Depuis le 10 janvier 2019, plus personne sur Terre ne parle à Spektr-R. Ce radiotélescope russe, lancé en grande pompe en 2011, continue pourtant sa course folle autour de notre planète, montant jusqu’à 340 000 kilomètres d’altitude avant de redescendre en piqué, encore et encore, comme une horloge dont plus personne ne remonterait le mécanisme. Une épave de cinq tonnes, muette, qui trace inlassablement son ellipse depuis plus de sept ans.
À retenir
- Un satellite russe à 340 000 km de la Terre maintient une orbite fantôme depuis plus de sept ans
- Spektr-R pouvait distinguer une pièce de monnaie sur la Lune avec une résolution mille fois supérieure à Hubble
- Son silence depuis 2019 pose des questions fascinantes sur les débris en orbite haute et l’avenir de cette épave spatiale
Sommaire
- Un instrument hors normes conçu pour repousser les limites de l’astronomie
- Des images mille fois plus précises que Hubble
- Le jour où le silence est tombé
- Une épave qui continue de tourner, invisible et silencieuse
Un instrument hors normes conçu pour repousser les limites de l’astronomie
Le projet remonte à une époque où l’URSS rêvait encore de rivaliser avec les futurs Hubble et Chandra américains. Cela faisait des dizaines d’années que les ingénieurs et les astrophysiciens russes travaillaient sur une gamme de satellites du nom de Spektr-R, destinés à rivaliser au cours des années 1990 avec les projets américains qui sont devenus Hubble, Chandra, Compton et Spitzer. Mais la chute de l’Union soviétique a douché ces ambitions pendant vingt ans. Il aura finalement fallu attendre le 18 juillet 2011 pour voir la fusée décoller de Baïkonour, ce même cosmodrome kazakh d’où Gagarine avait rejoint l’orbite terrestre.
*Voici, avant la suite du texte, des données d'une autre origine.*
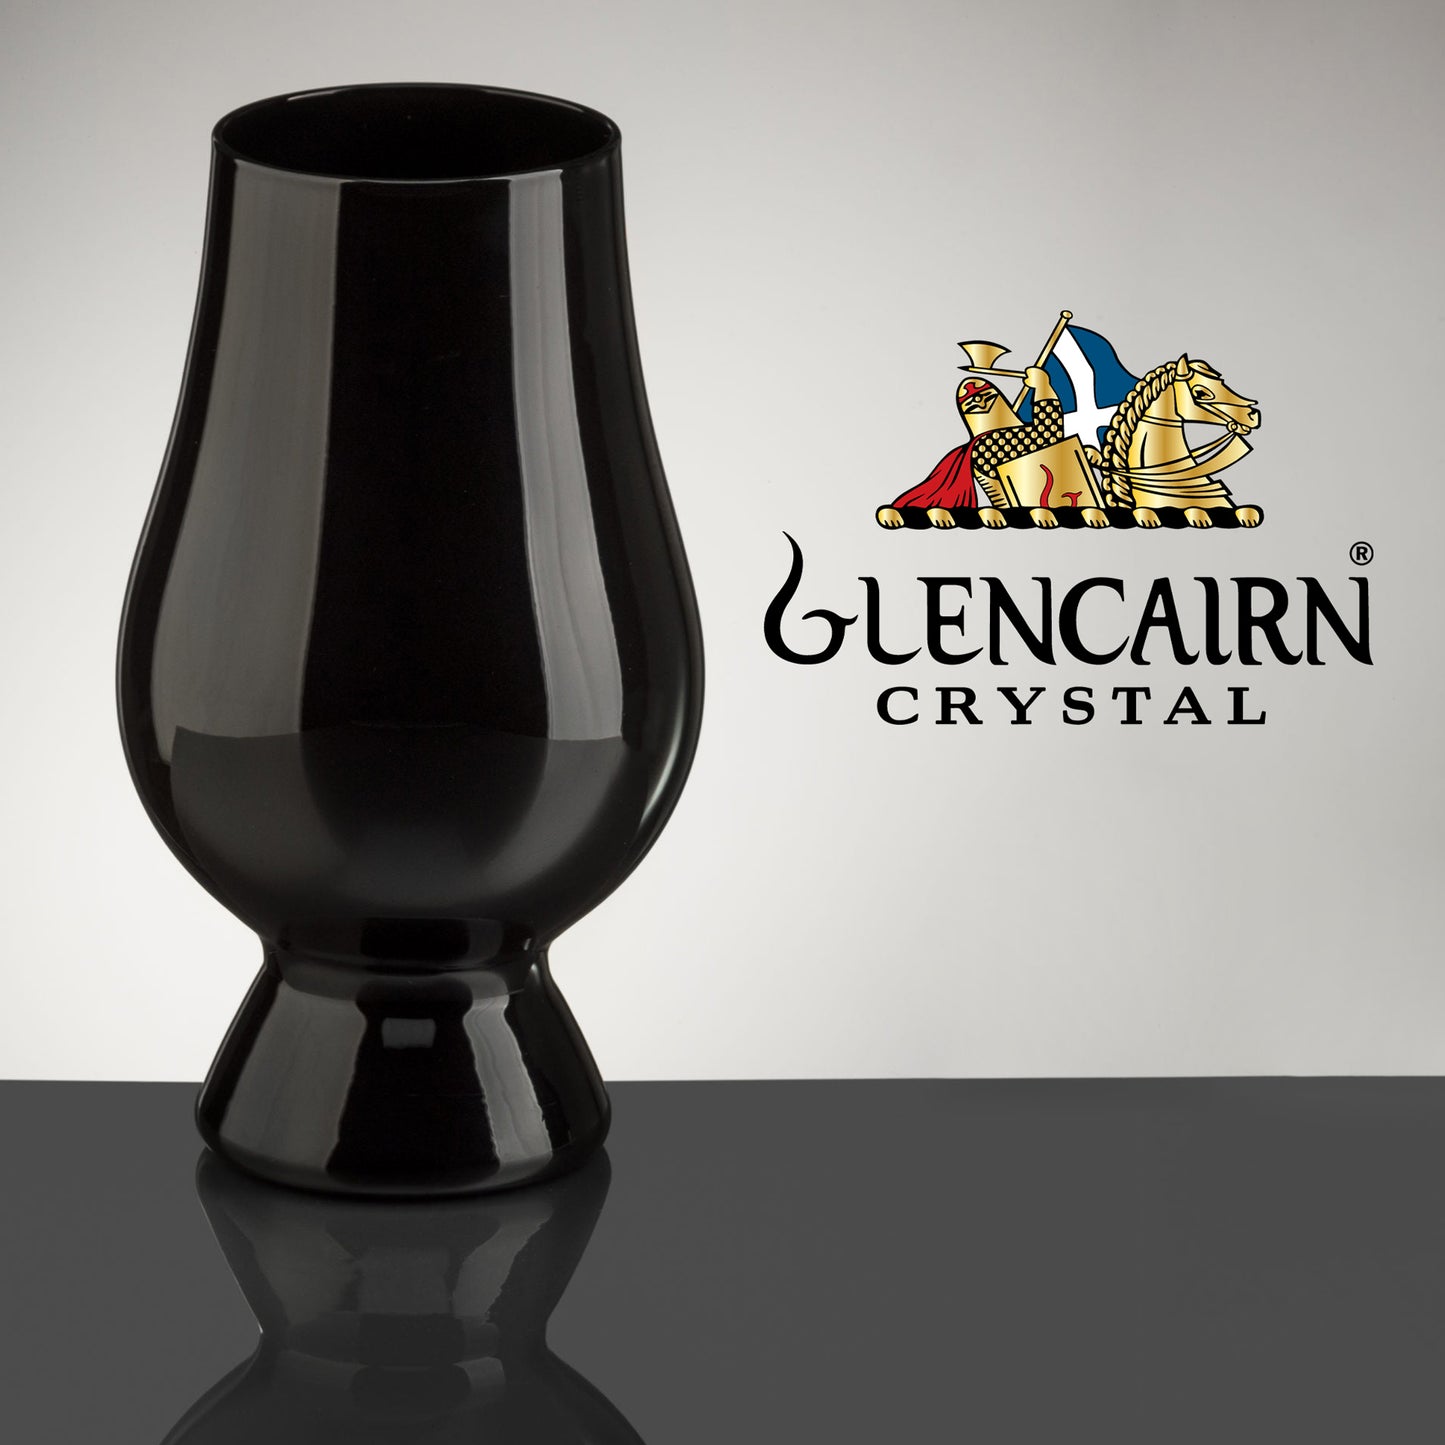 The Black Glencairn Whisky Glass, Official Blind Tasting Crystal Whiskey Glassware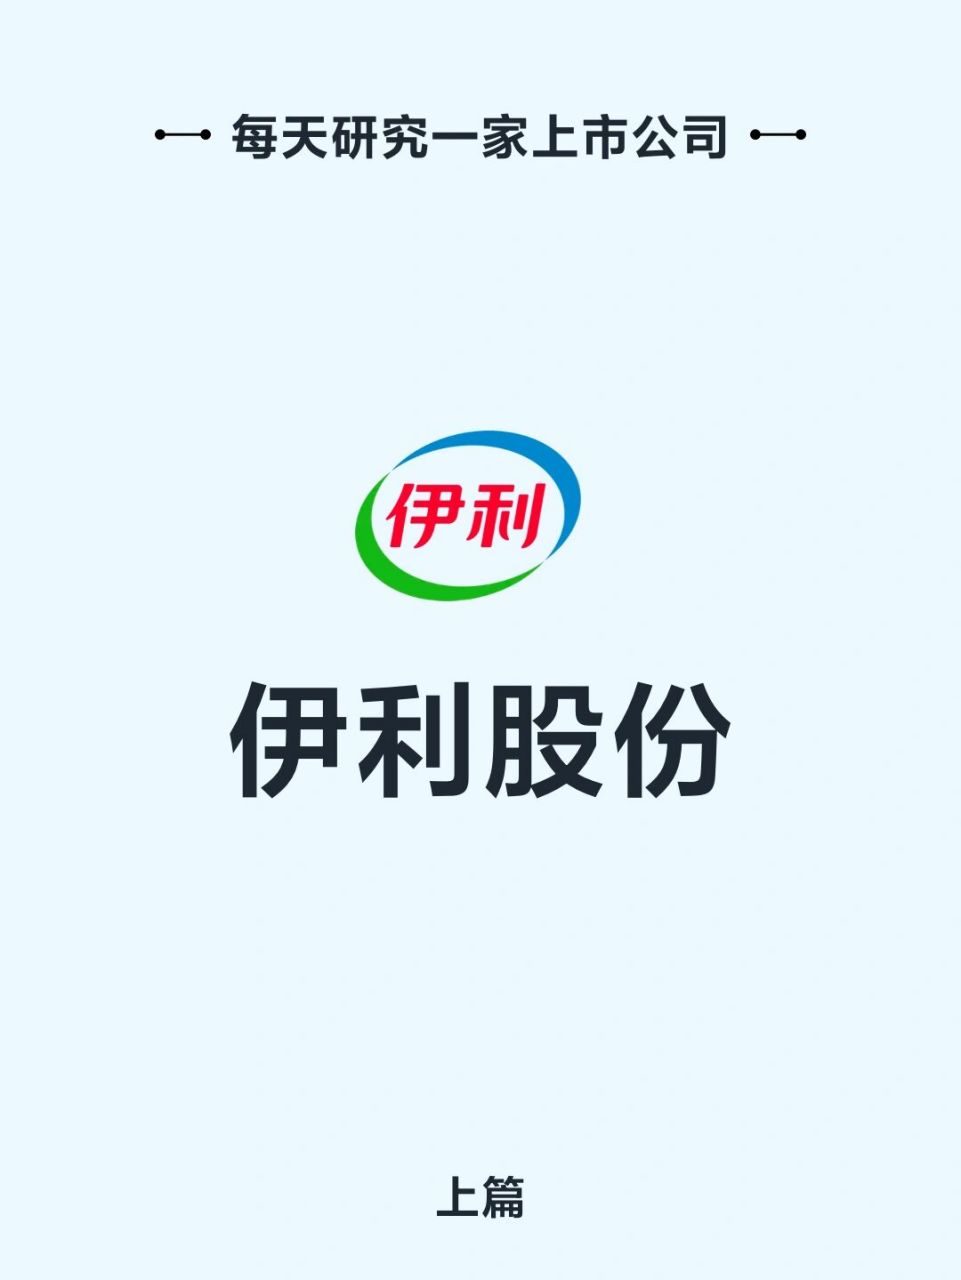 伊利股份logo图片

Une fois en orbite, le satellite déploie son antenne, faite de 27 pétales en fibre de carbone et d’une partie circulaire centrale, pour atteindre ses 10 mètres de diamètre opérationnels. L’idée derrière Spektr-R n’était pas de photographier le ciel toute seule, mais de travailler en tandem avec les grands radiotélescopes terrestres, de Bonn à Puerto Rico. Cette technique, l’interférométrie à très longue base (VLBI), consiste à combiner les signaux captés simultanément par plusieurs antennes pour simuler un instrument unique, gigantesque. Plus la distance entre les récepteurs est grande, plus la précision de l’image obtenue grimpe. Or, aucun endroit sur Terre ne permet d’espacer deux antennes de plusieurs centaines de milliers de kilomètres. Il fallait donc envoyer l’une d’elles dans l’espace, sur une orbite savamment choisie pour s’éloigner le plus possible.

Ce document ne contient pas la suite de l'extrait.